BEGIN Available records

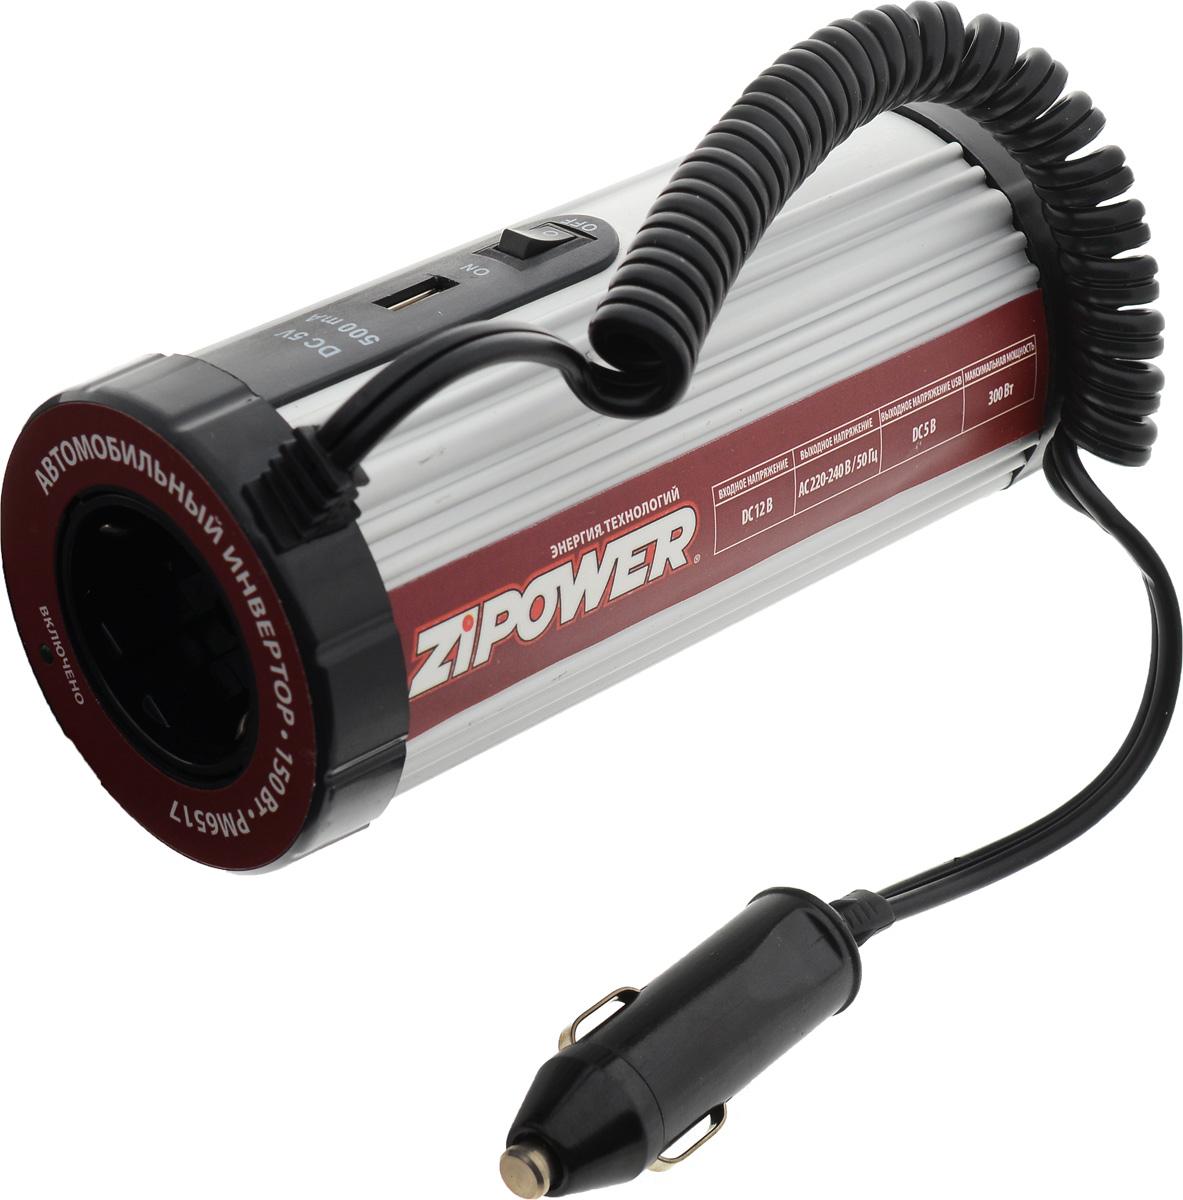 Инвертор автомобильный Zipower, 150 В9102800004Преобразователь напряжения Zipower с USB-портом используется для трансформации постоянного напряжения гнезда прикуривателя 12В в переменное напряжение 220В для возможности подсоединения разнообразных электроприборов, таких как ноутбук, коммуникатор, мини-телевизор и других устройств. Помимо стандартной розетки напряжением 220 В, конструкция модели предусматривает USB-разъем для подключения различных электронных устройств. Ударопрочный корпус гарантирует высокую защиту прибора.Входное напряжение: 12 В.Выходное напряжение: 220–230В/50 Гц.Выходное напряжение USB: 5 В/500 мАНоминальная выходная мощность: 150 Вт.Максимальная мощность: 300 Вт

END Available records
BEGIN Available records

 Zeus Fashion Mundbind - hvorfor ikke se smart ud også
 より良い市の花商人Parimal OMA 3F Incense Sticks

END Available records

Problem to work on
Only the lines above starting at the one containing "Zeus Fashion Mundbind" and ending at the one containing "より良い市の花商人Parimal OMA 3F Incense Sticks", both included, are to be returned, exactly as they read.

The answer
 Zeus Fashion Mundbind - hvorfor ikke se smart ud også
 より良い市の花商人Parimal OMA 3F Incense Sticks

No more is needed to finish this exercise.